Instead of guessing who to target, review your past positive interactions. Identify common characteristics among responsive and appreciative clients to build a data-informed profile of who you should be approaching next.
To define Ideal Customer Profiles (ICPs), go beyond analyzing past data. Use the Analytic Hierarchy Process (AHP), a statistical method where the executive team weights criteria and scores potential markets. This forces a rigorous, data-driven prioritization of the most promising customer segments.
Founders often believe their ICP is a theoretical construct for their website and pitch decks. In reality, a company's true ICP is determined by the customers the sales team is actively pursuing and successfully closing, which can reveal a critical disconnect from the intended strategy.
Stop defining your Ideal Customer Profile with abstract firmographics. Instead, feed context from your best closed-won deals into an AI and ask it to find public data that signaled their specific pain *before* they engaged you. This reverse-engineers a truly effective, data-driven targeting model.
Executive teams often create an ICP based on a 'wishlist' of big logos. The most accurate ICP is actually found by analyzing your first-party CRM data. Examining patterns across both close-won and close-lost deals reveals surprising truths about which customer segments are actually the best fit for your solution.
Rear-view attribution is flawed because markets, ICPs, and competitors constantly change. A more effective approach is to identify common traits among your best current customers and actively seek more prospects who fit that evolving profile.
Ditch the aspirational "Ideal Client Profile," which represents a rare, perfect-world scenario. Instead, build a "Target Client Profile" that defines which customers will perceive the most meaningful value from your offering. This provides a realistic, operational benchmark for qualifying leads.
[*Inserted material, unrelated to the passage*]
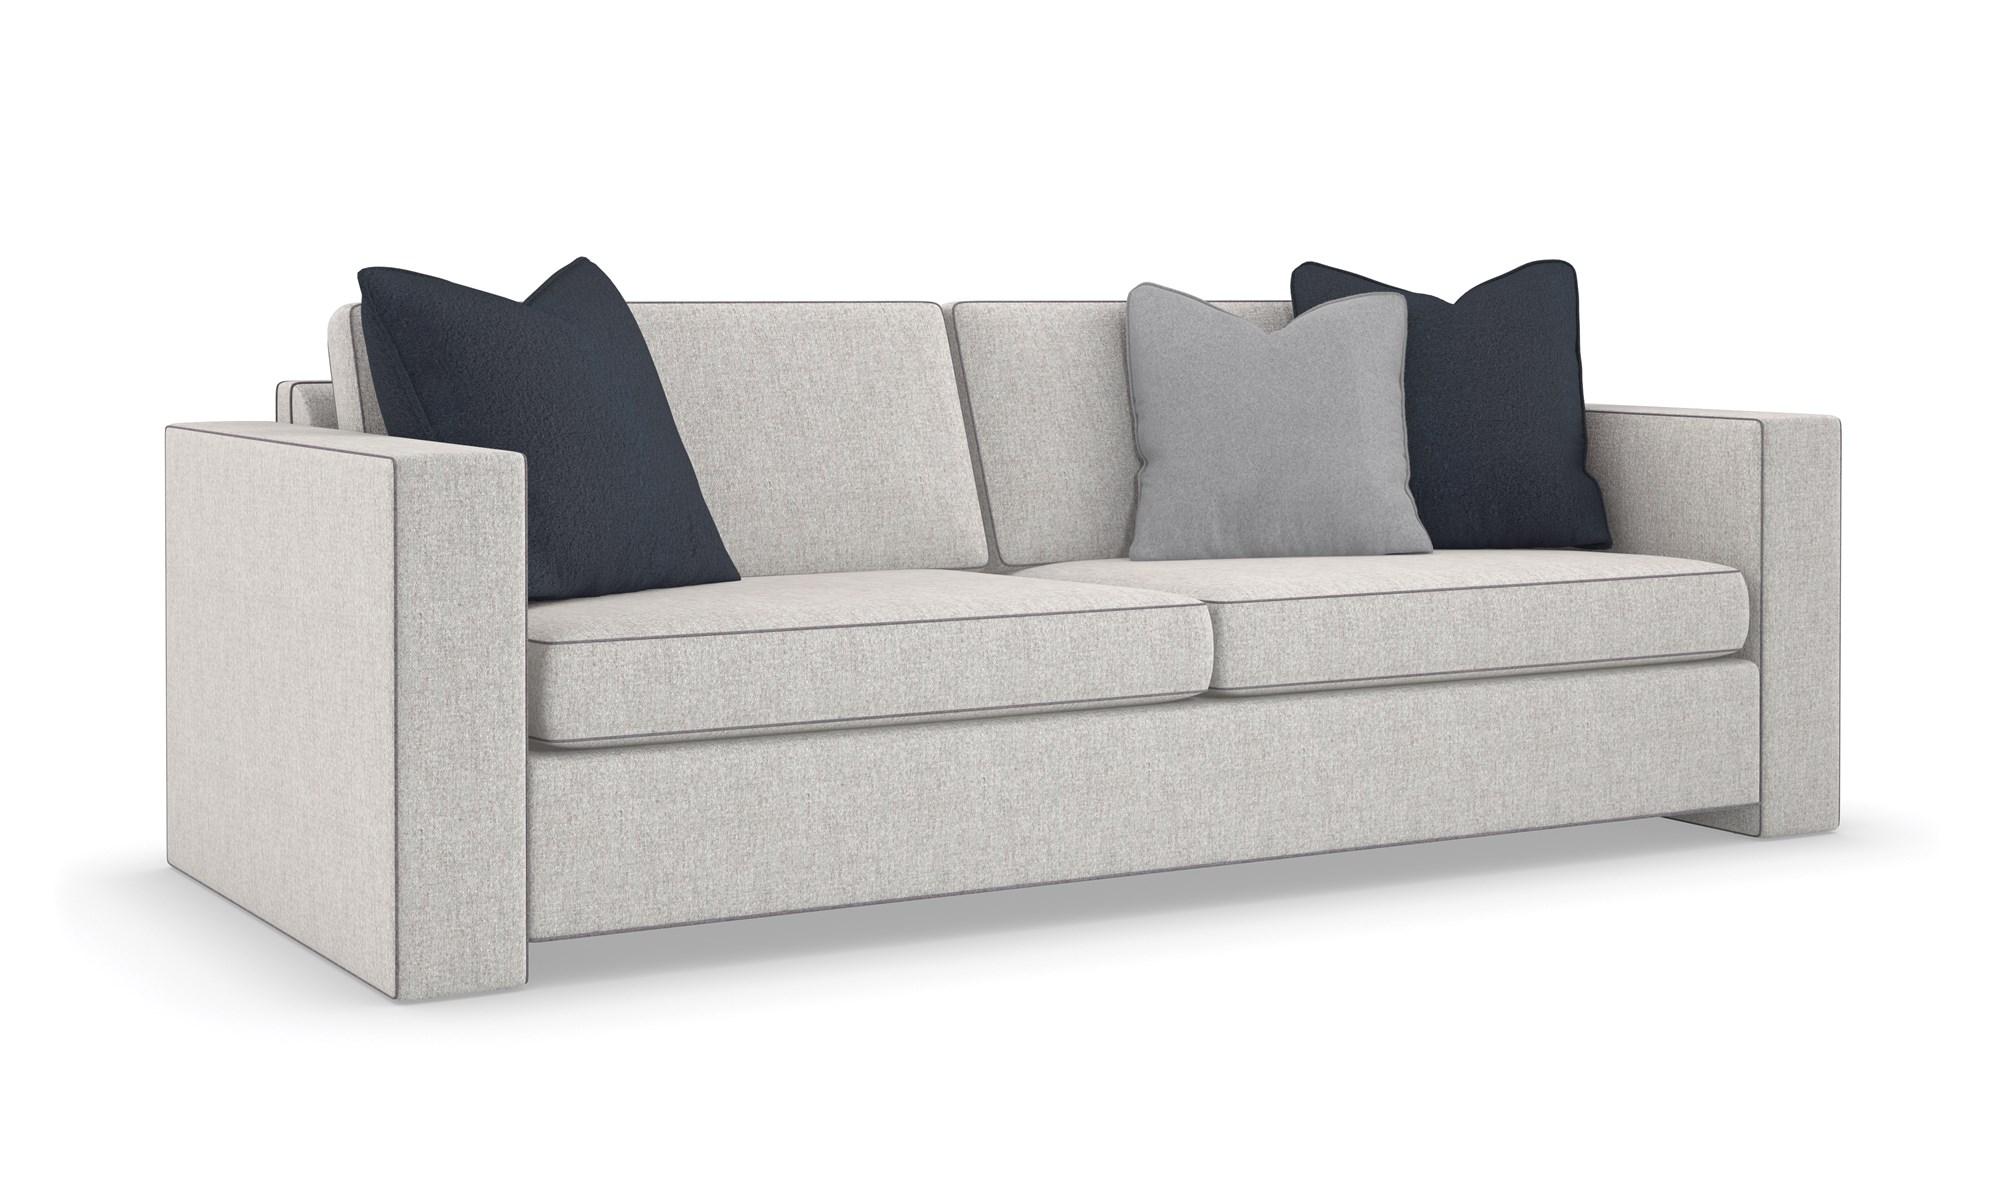 Contemporary Sofa Sleeper WELT PLAYED SLEEPER UPH-019-017-C in Smoke Fabric

Many businesses fail by creating an offer and then searching for a customer. The correct sequence is to first deeply understand and select your ideal customer segment. Only then can you reverse-engineer an offer that resonates perfectly.
Don't just target the same job titles as your best customers. Dig deeper into the buyer's professional history (e.g., a COO with a 20-year sales background). This backstory is often the true indicator of an ideal fit, allowing for more precise and effective targeting.
Instead of theorizing about their Ideal Customer Profile, Assembled's first GTM hire created a list of all existing customers. By looking for patterns and creating groups based on traits like tech stack (Zendesk), agent count (20-200), and channel complexity, a data-driven, highly specific ICP emerged organically.
Instead of broad surveys, interview 10-12 satisfied customers who signed up in the last few months. Their fresh memory of the problem and evaluation phases provides the most accurate insights into why people truly buy your product, allowing you to find patterns and replicate success.